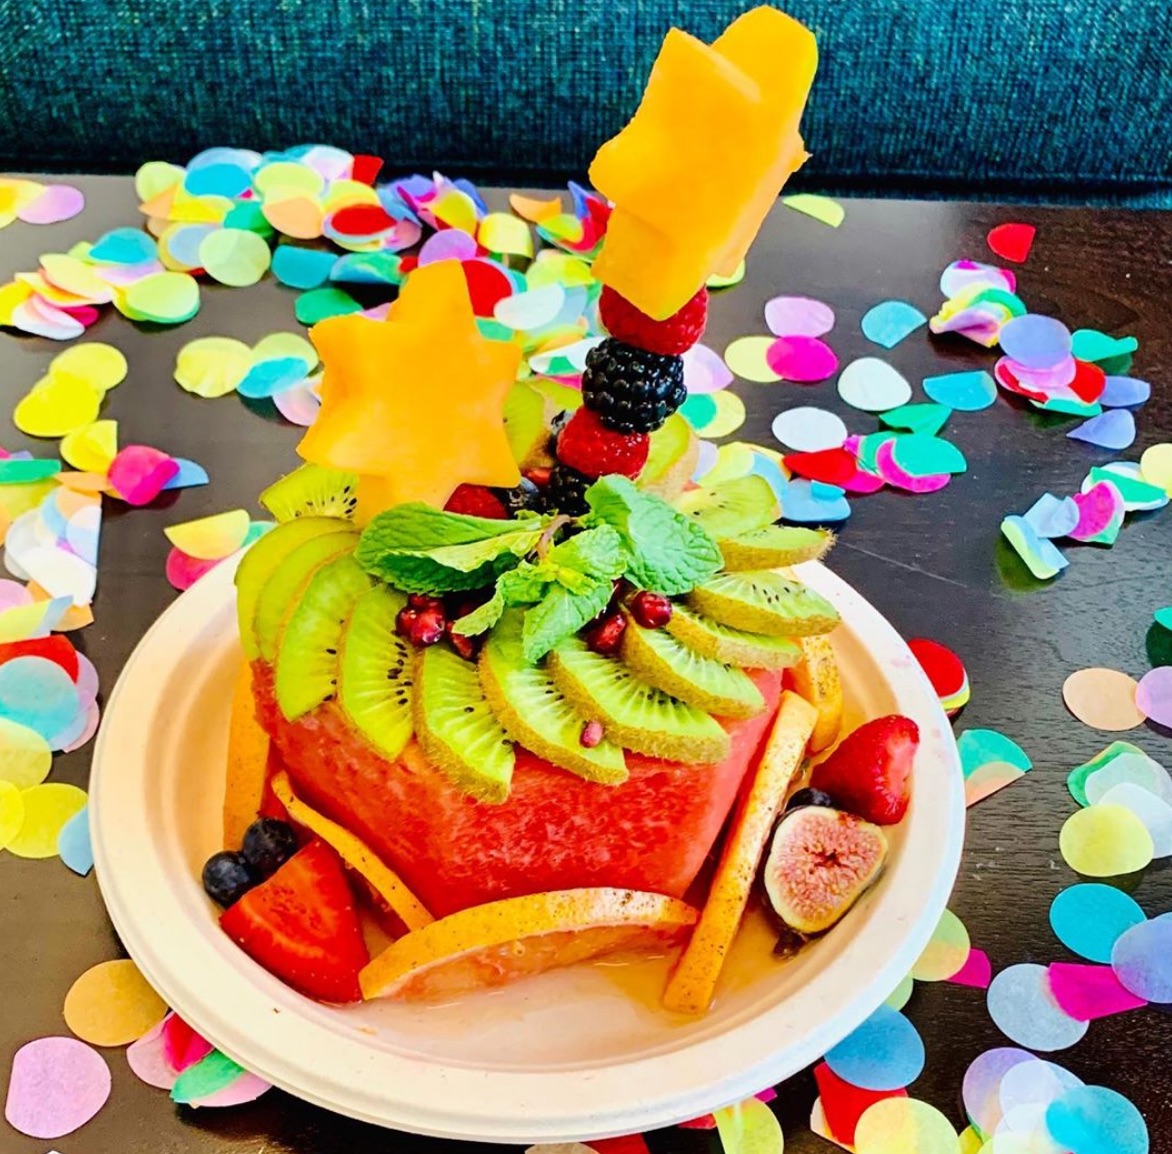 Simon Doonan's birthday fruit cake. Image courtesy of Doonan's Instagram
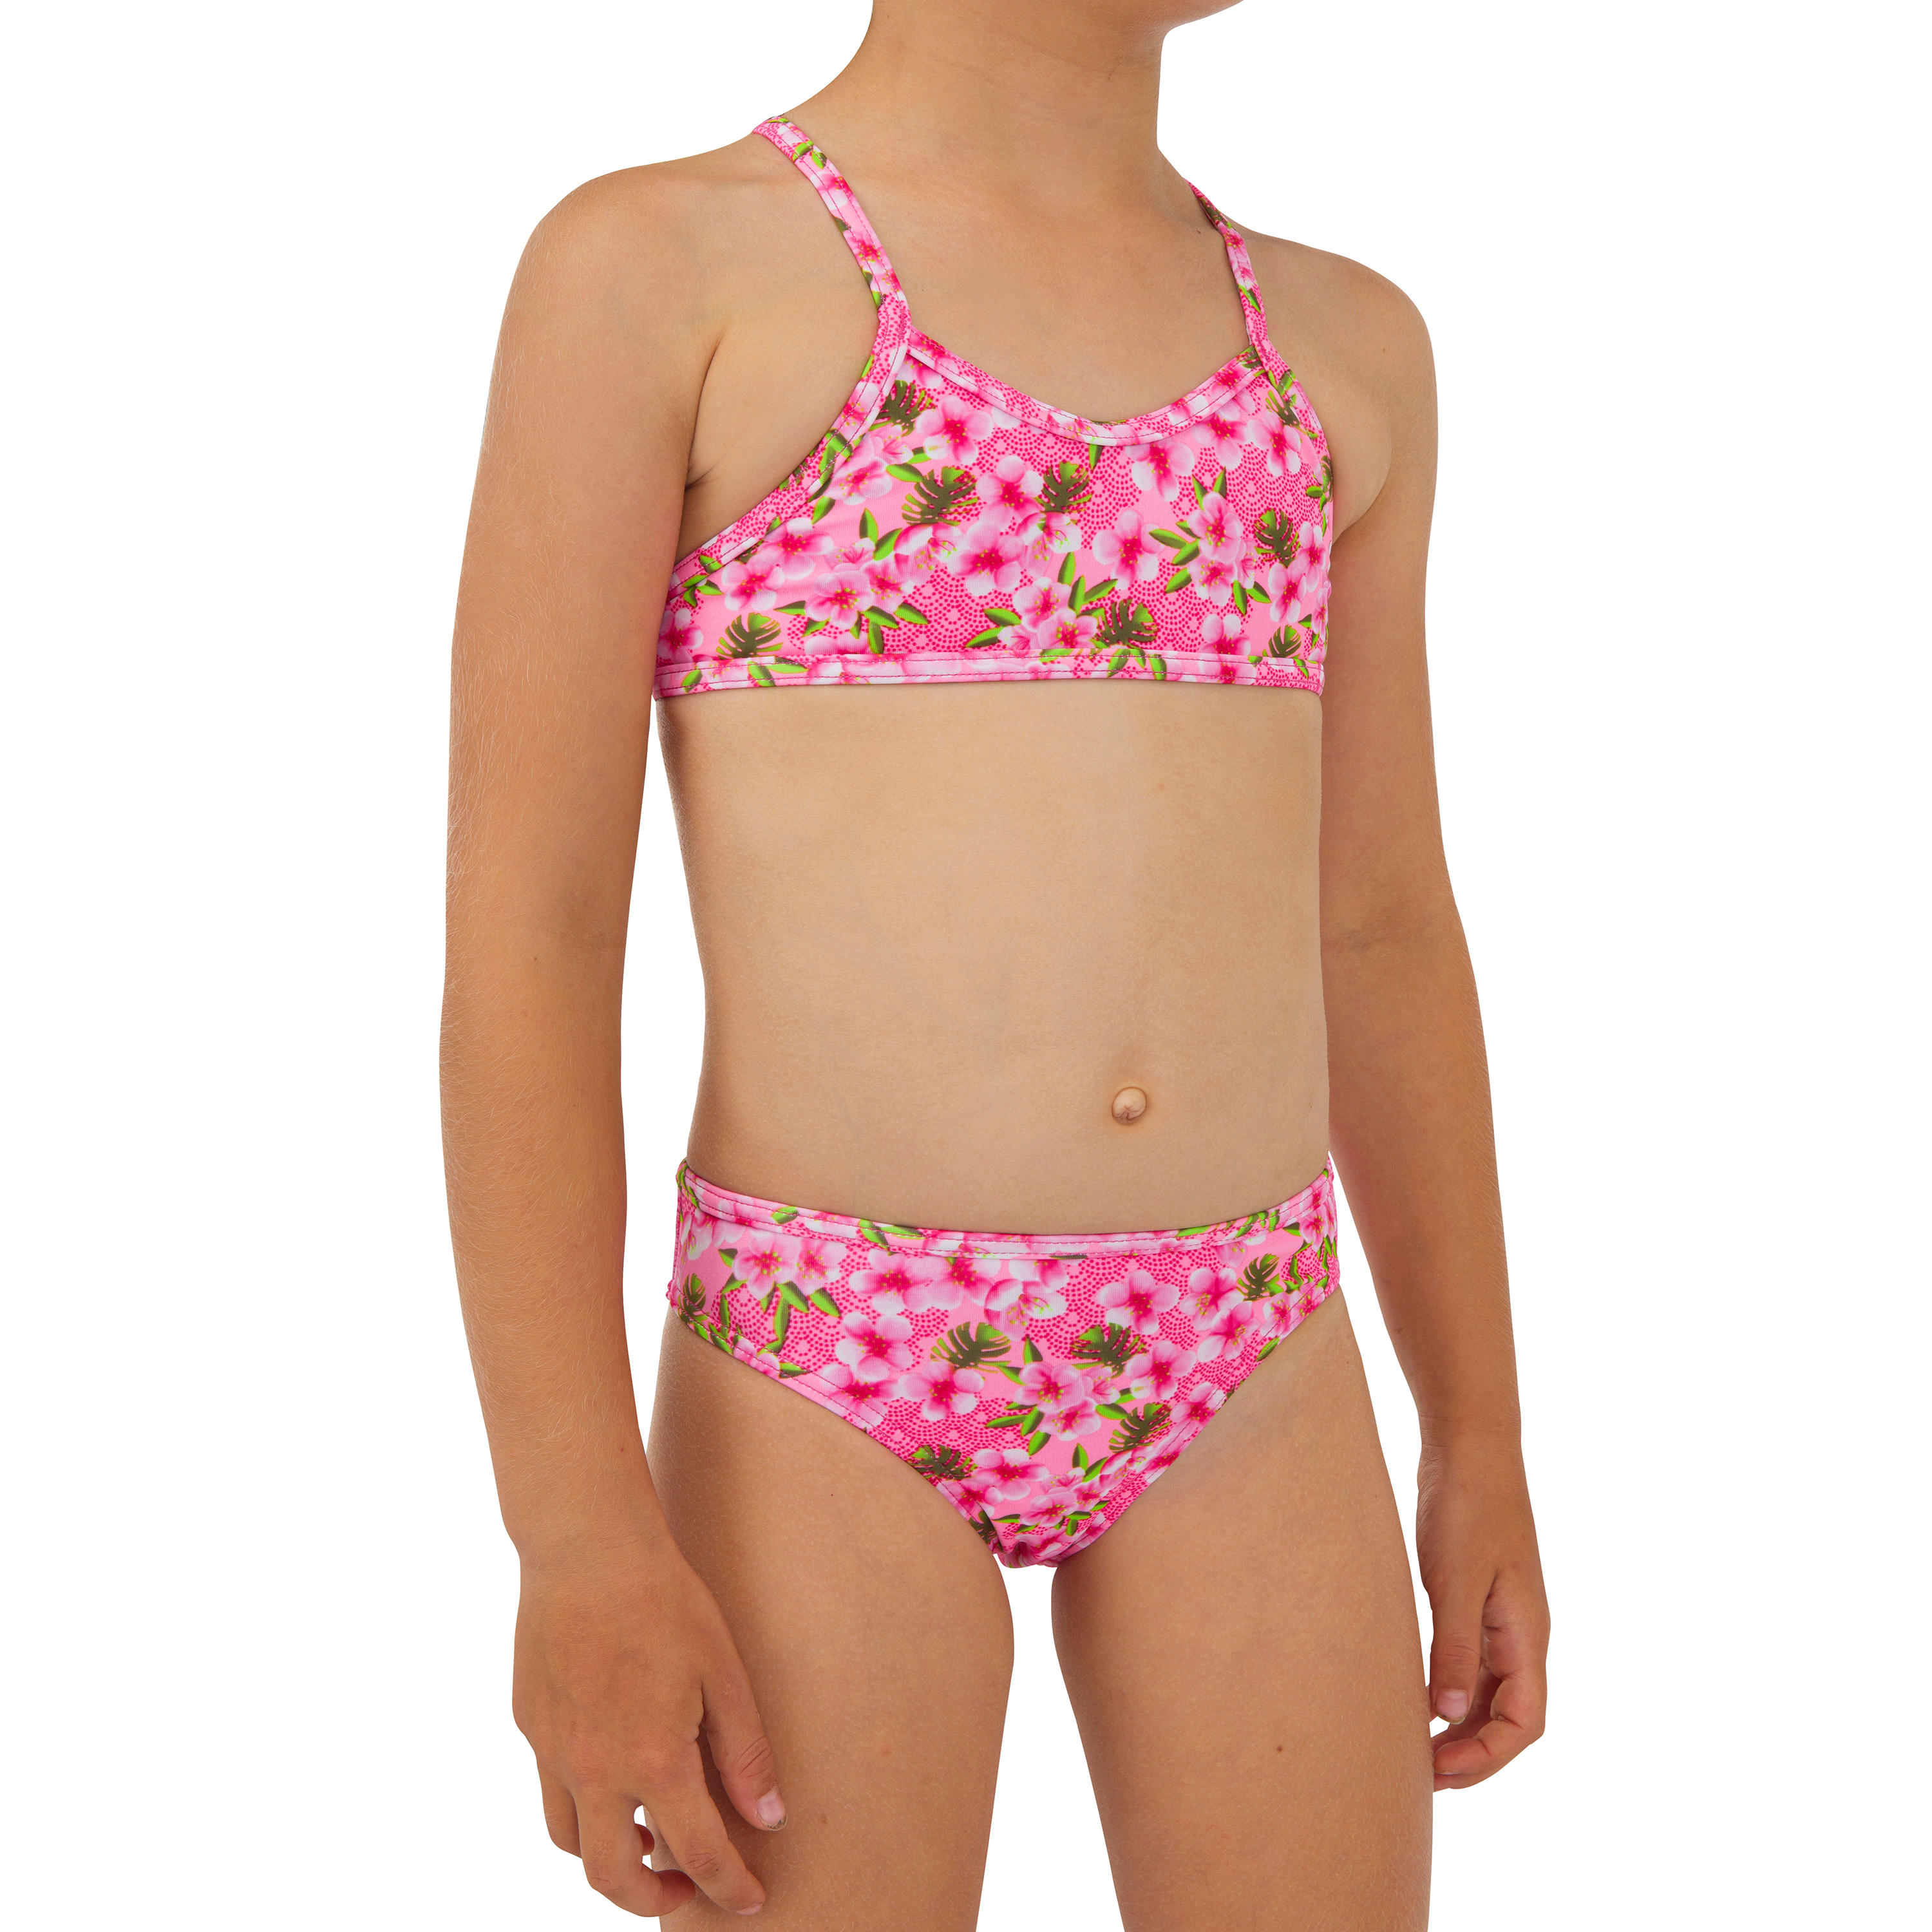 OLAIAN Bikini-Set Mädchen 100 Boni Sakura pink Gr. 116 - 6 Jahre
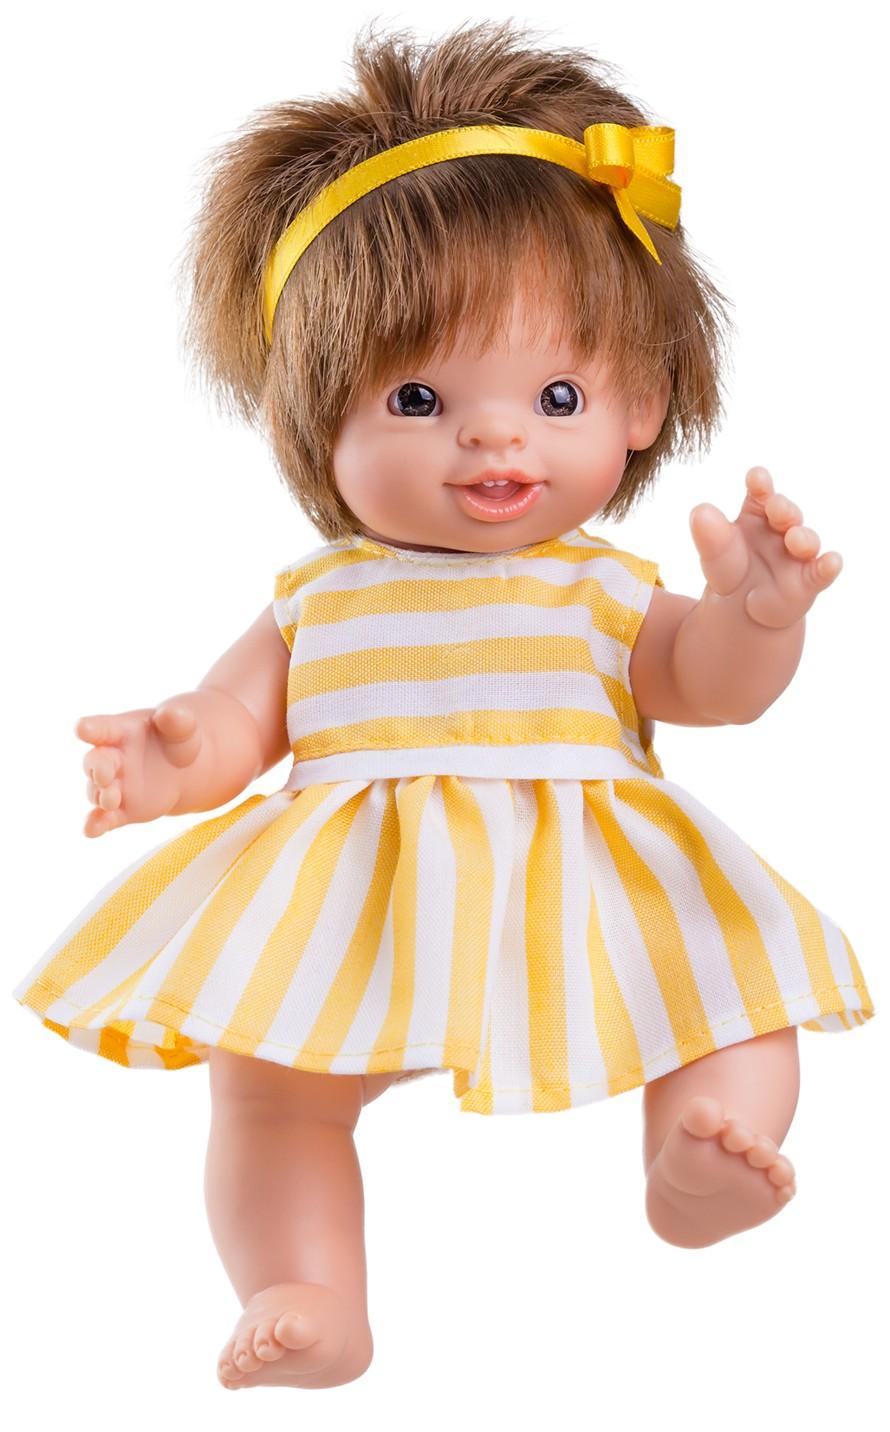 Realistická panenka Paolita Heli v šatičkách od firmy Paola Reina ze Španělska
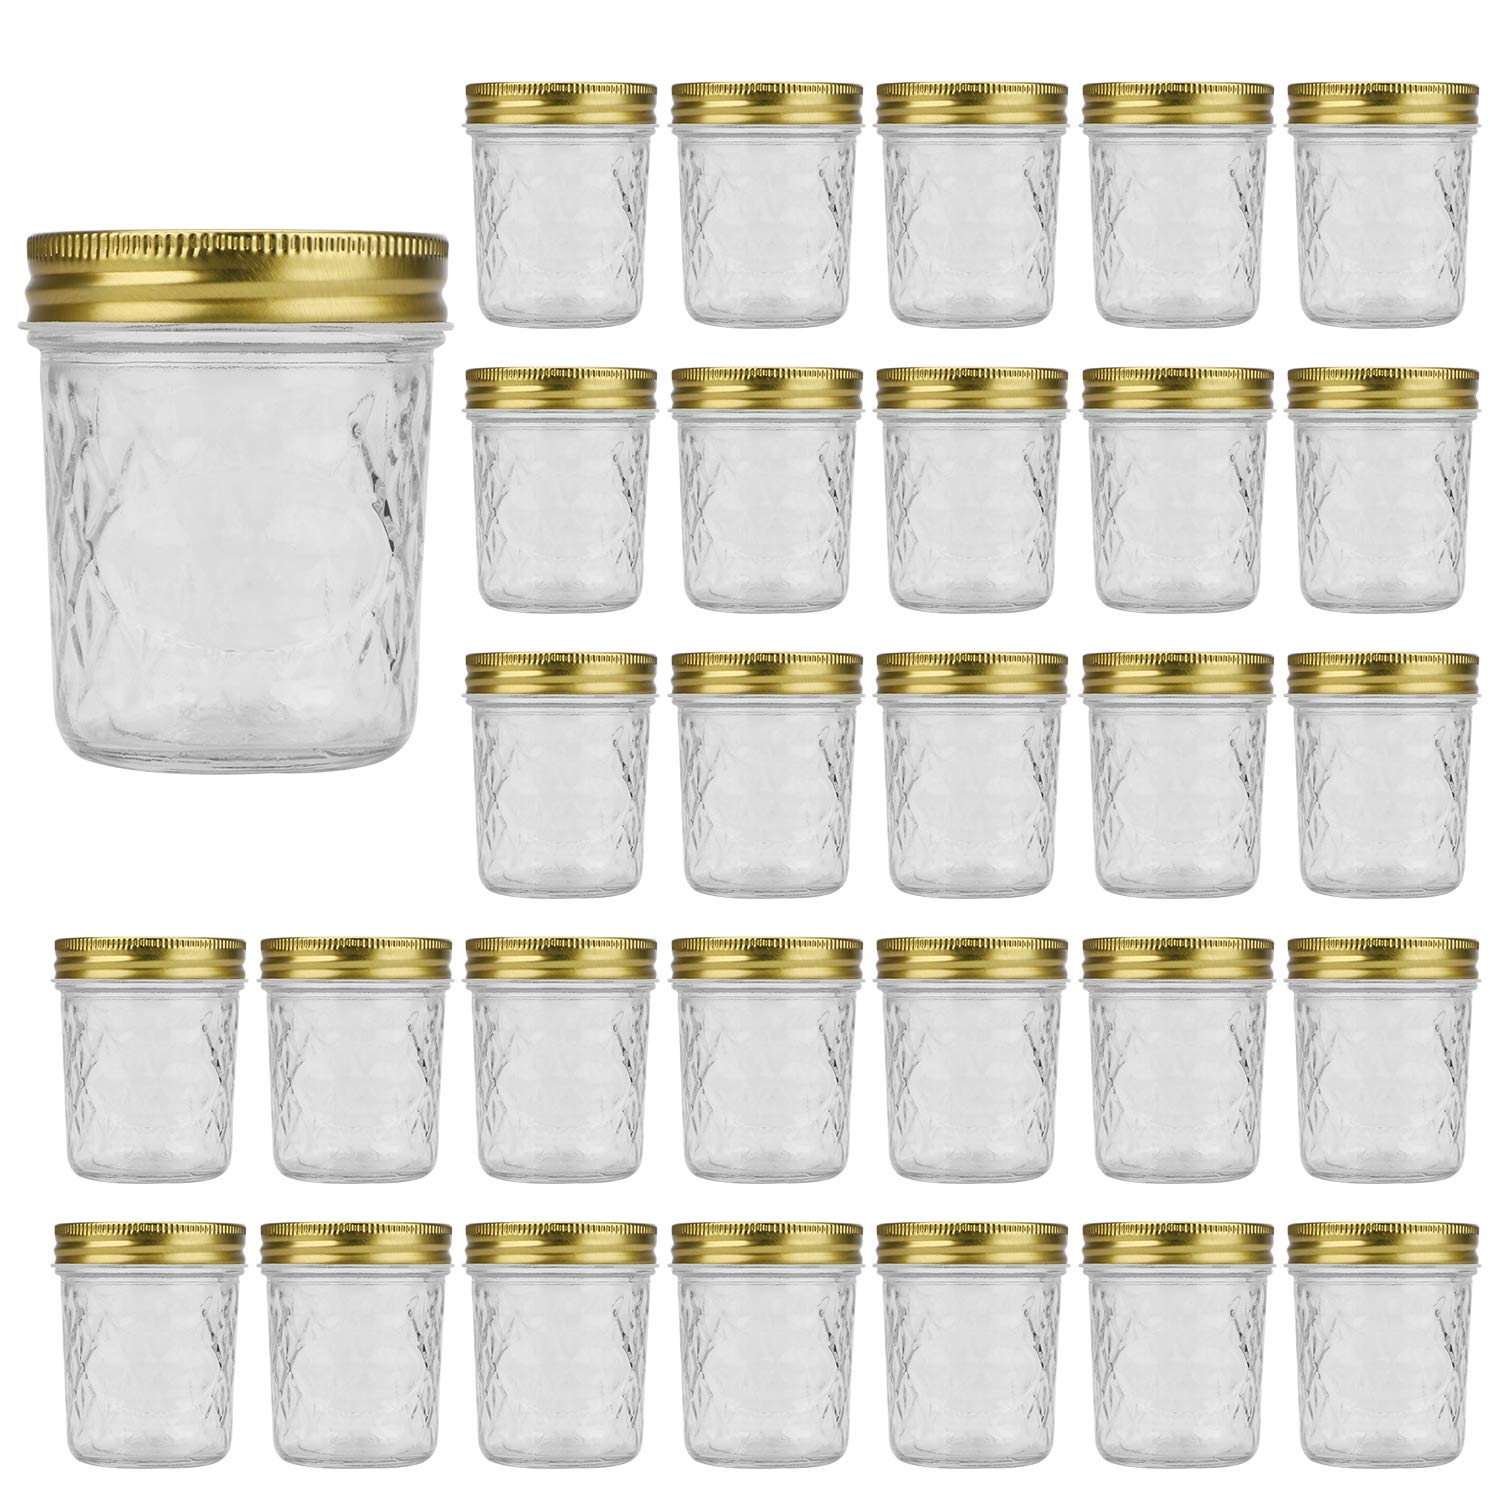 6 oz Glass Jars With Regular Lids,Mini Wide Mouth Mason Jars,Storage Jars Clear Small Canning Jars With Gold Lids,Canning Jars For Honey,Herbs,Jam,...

☆ ☆ ☆ ☆ ☆ ☆ ☆

Faithful copy, images left out: write out every line of data.

 Simon Doonan's birthday fruit cake. Image courtesy of Doonan's Instagram
 OLAIAN Bikini-Set Mädchen 100 Boni Sakura pink Gr. 116 - 6 Jahre
 Realistická panenka Paolita Heli v šatičkách od firmy Paola Reina ze Španělska
 6 oz Glass Jars With Regular Lids,Mini Wide Mouth Mason Jars,Storage Jars Clear Small Canning Jars With Gold Lids,Canning Jars For Honey,Herbs,Jam,...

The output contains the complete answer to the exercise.